MDN: memory management
Rising Stack: garbage collection explained
Marmelab: Finding And Fixing Node.js Memory Leaks: A Practical Guide
But I'm still not seeing where the problem is. Also, I'm unable to get permission to install node-gyp on the system which means most memory management tools are off limits as memwatch, heapdump and the like need node-gyp to install. Here's an example of what the functions basic structure is.
const { dbconn, dbstmt } = require('idb-connector');// require idb-connector
async function queryDB() {
const sSql = `SELECT * FROM LIBNAME.TABLE LIMIT 500`;
// create new promise
let promise = new Promise ( function(resolve, reject) {
// create new connection
const connection = new dbconn();
connection.conn("*LOCAL");
const statement = new dbstmt(connection);
statement.exec(sSql, (rows, err) => {
if (err) {
throw err;
}
let ticks = rows;
statement.close();
connection.disconn();
connection.close();
resolve(ticks.length);// resolve promise with varying data
})
});
let result = await promise;// await promise
return result;
};
async function getNewData() {
const data = await queryDB();// get new data
io.emit('newData', data)// push to front end
setTimeout(getNewData, 2000);// check again in 2 seconds
};
Any ideas on where the leak is?

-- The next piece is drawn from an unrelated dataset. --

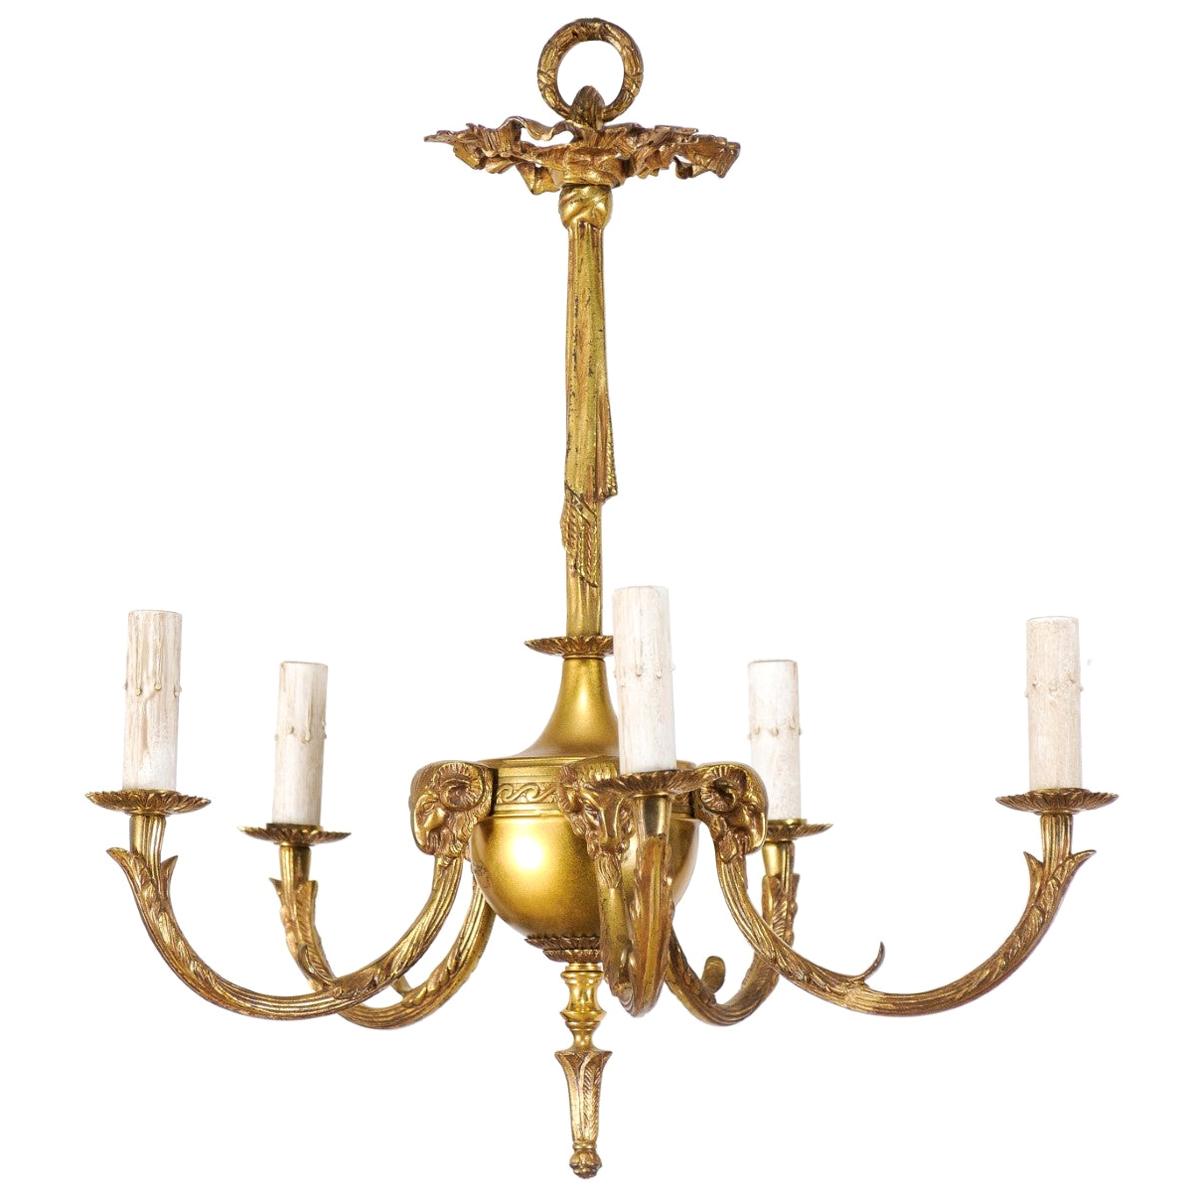 Mid-20th Century French Brass Five-Light Chandelier with Ram's Head Accents

Am i using async/await incorrectly? Or else am i creating/destroying DB connections improperly? Any help on figuring out why this code is leaky would be much appreciated!!

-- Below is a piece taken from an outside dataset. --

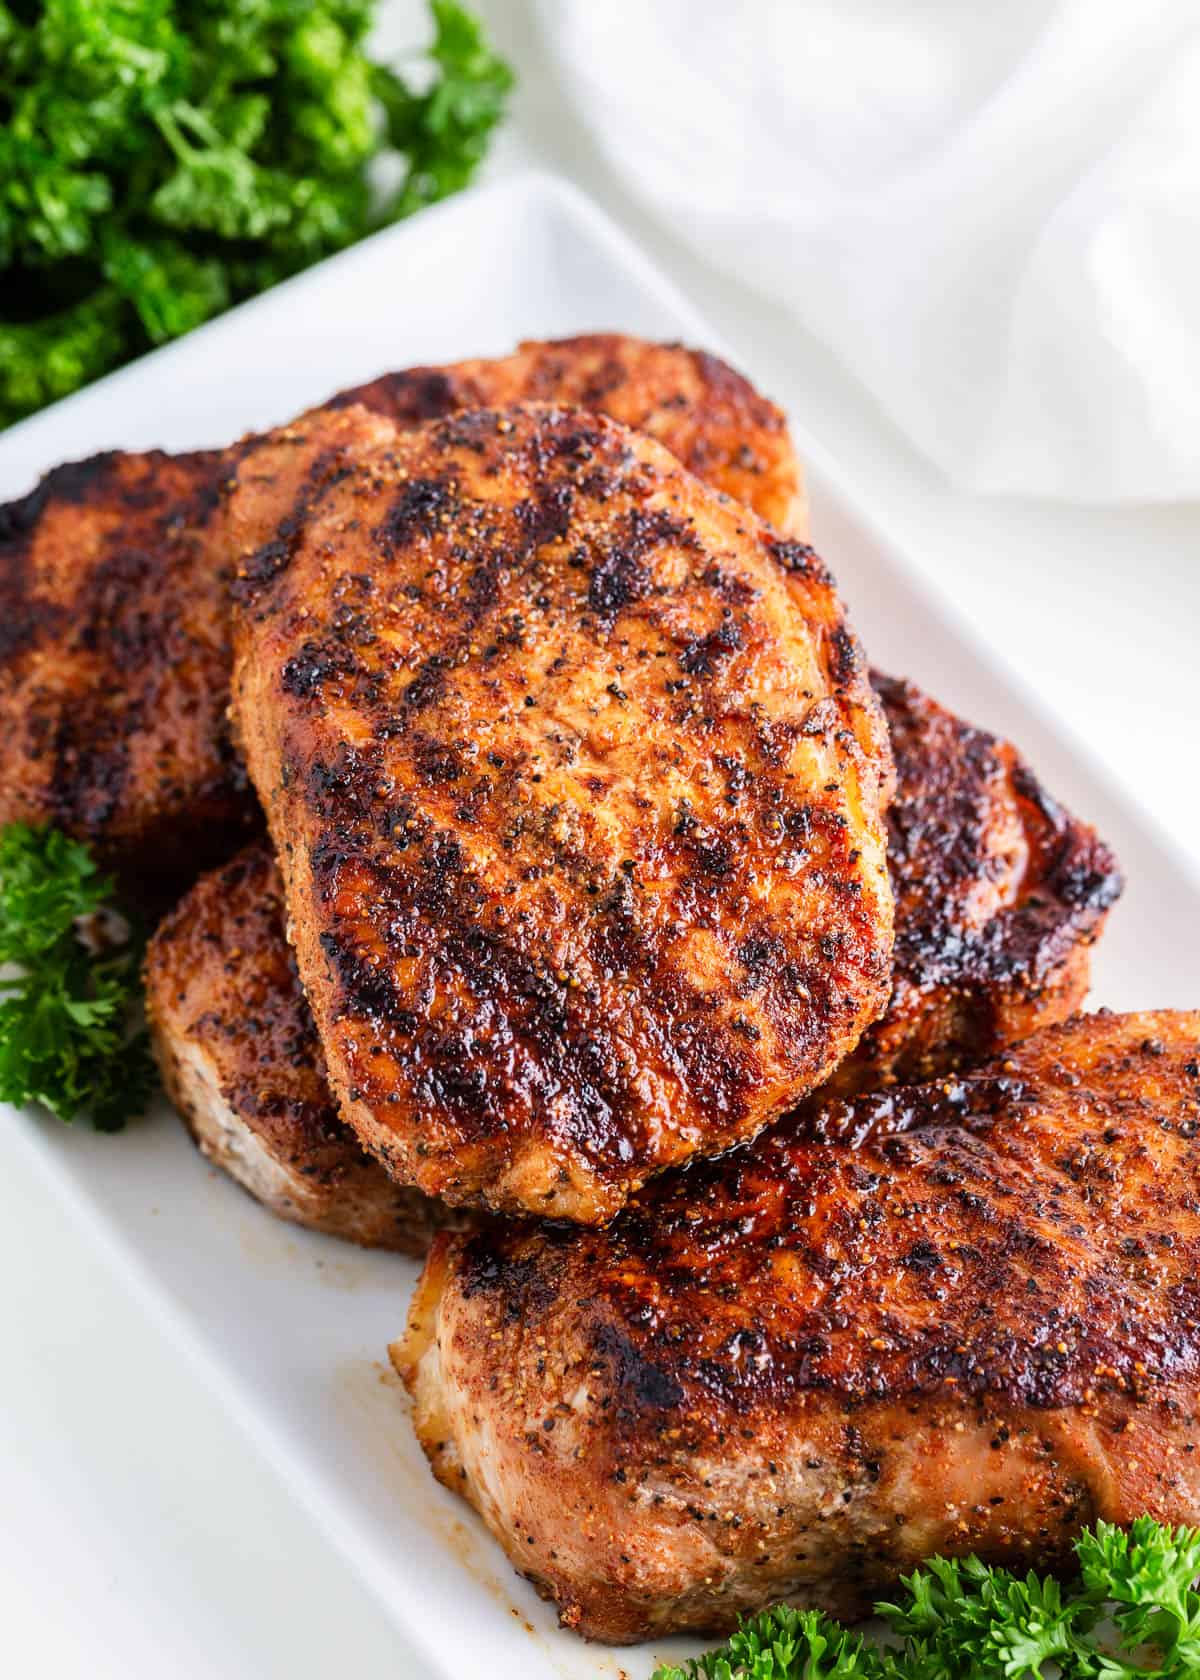 Grilled pork chops on a white plate with curly parsley.

Edit: Forgot to mention that i have limited control on the backend processes as they are handled by another team. I'm only retrieving the data they populate the DB with and adding it to a web page.
Edit 2: I think I've narrowed it down to the DB connections not being cleaned up properly. But, as far as i can tell I've followed the instructions suggested on their github repo.
I don't know the answer to your specific question, but instead of issuing a query every 15 seconds, I might go about this in a different way. Reason being that I don't generally like fishing expeditions when the environment can tell me an event occurred.
So in that vein, you might want to try a database trigger that loads the key to the row into a data queue on add, or even change or delete if necessary. Then you can just put in an async call to wait for a record on the data queue. This is more real time, and the event handler is only called when a record shows up. The handler can get the specific record from the database since you know it's key. Data queues are much faster than database IO, and place little overhead on the trigger.
I see a couple of potential advantages with this method:
You aren't issuing dozens of queries that may or may not return data.
The event would fire the instant a record is added to the table, rather than 15 seconds later.
You don't have to code for the possibility of one or more new records, it will always be 1, the one mentioned in the data queue.
yes you have to close connection.
Don't make const data. you don't need promise by default statement.exec is async and handles it via return result;
keep setTimeout(getNewData, 2000);// check again in 2 seconds
line outside getNewData otherwise it becomes recursive infinite loop.
Sample code
const {dbconn, dbstmt} = require('idb-connector');
const sql = 'SELECT * FROM QIWS.QCUSTCDT';
const connection = new dbconn(); // Create a connection object.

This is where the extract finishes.